During the migration process, we established several best practices early in the migration that helped us improve processes for the larger migration scenarios that occurred later in the migration. These best practices include:

  • Build for the cloud. Take advantage of the scalability of Azure VMs and choose the most effective SKUs. Provisioning in the cloud is a dynamic, fluid process, and managing SKUs for efficiency helps ensure adequate performance and increased cost-effectiveness.
  • Plan for traffic-flow changes. Hosting services in the cloud brings requires a different pattern and flow of network traffic. Involve network support to build network changes together. Ensure adequate traffic flow and proper network segmentation.
  • Involve local IT and support teams. We involved our IT and support teams in the branch-office locations to provide the best support for our users and ensure that we understood the nuances of the branch office server environment in each location. These teams helped us gather user feedback and identify potential usability issues. Early IT engagement and support created a better migration experience for users, local support teams, and the team implementing the migration.
  • Implement change-management controls.
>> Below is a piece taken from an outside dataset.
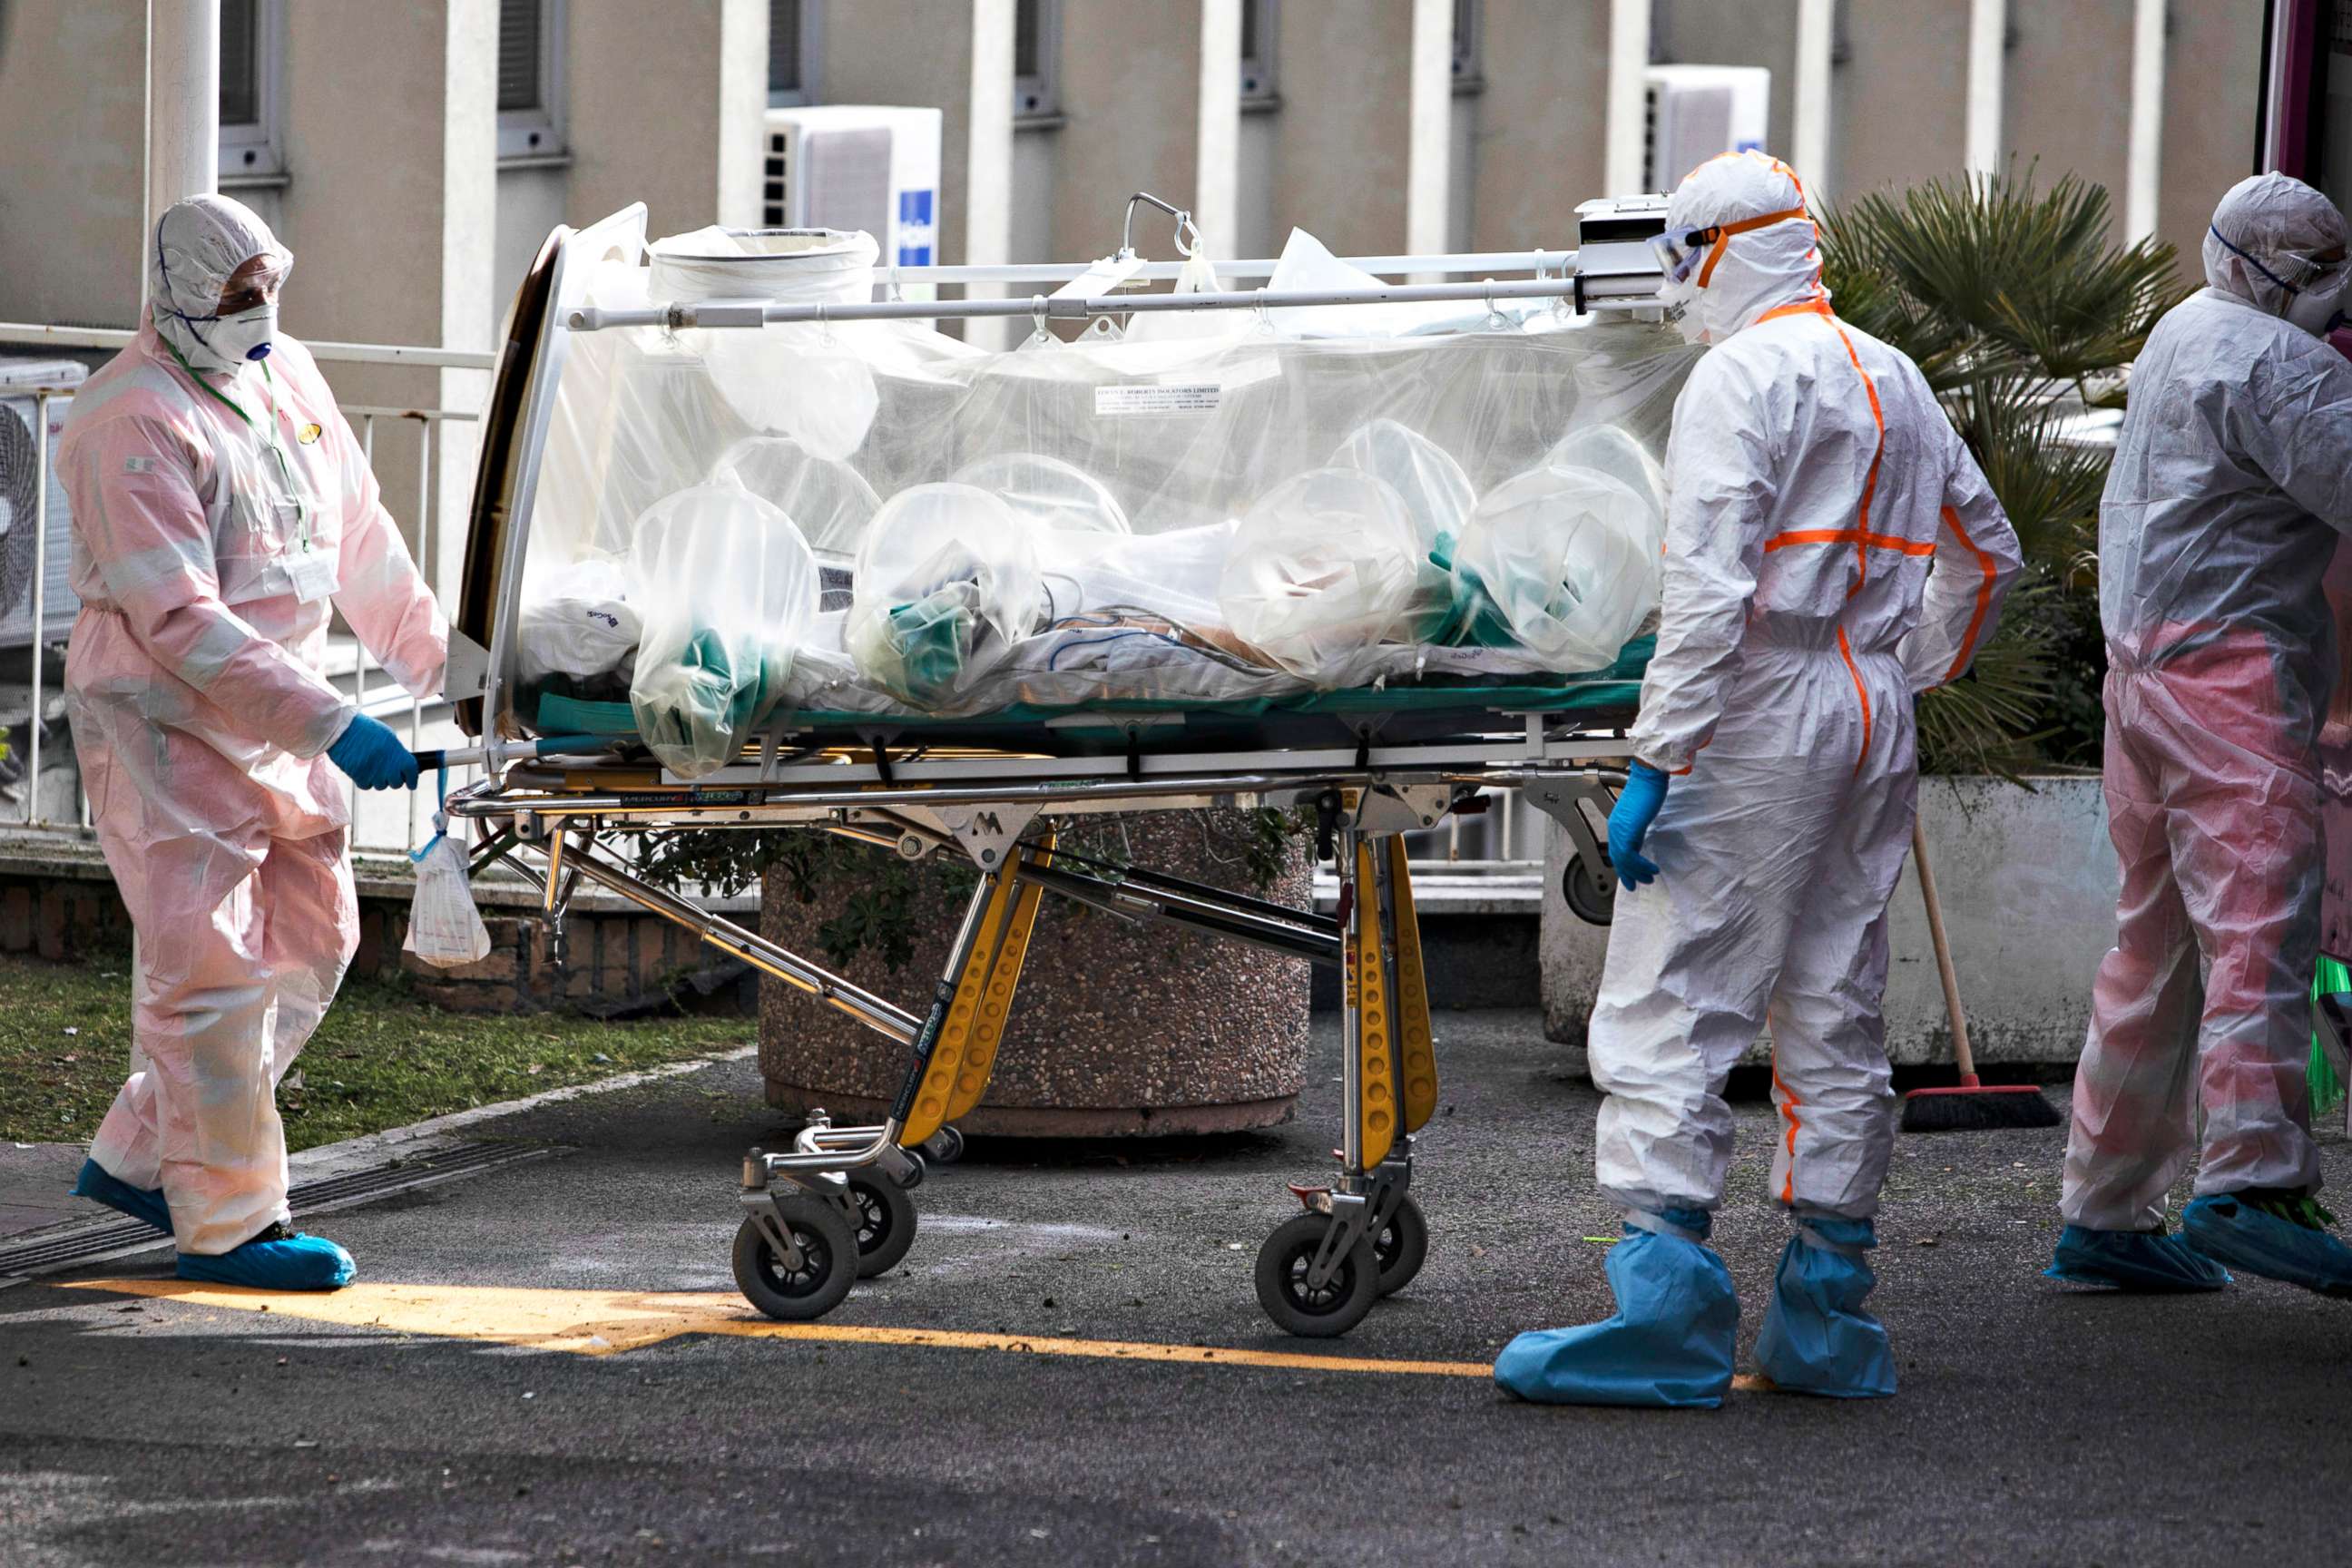 PHOTO: Paramedics transport a patient, suspected to have the coronavirus, to a hospital in Rome, March 17, 2020.

Any time that infrastructure changes affect the business and the user, change-management controls should be used to minimize miscommunication and ensure services continuity throughout the migration.

Conclusion

Microsoft Core Services Engineering and Operations (CSEO) migrated branch-office services to Microsoft Azure from more than 200 physical servers hosting more than 1,400 virtual machines in 86 countries and regions. The migration enabled CSEO to decommission 95 percent of the physical servers and align the branch-office infrastructure with the rest of the organization. The new cloud-based services have created a more robust and internet-friendly environment for branch-office employees, thus creating new ways to work in remote locations and maintaining connectivity to the rest of the organization.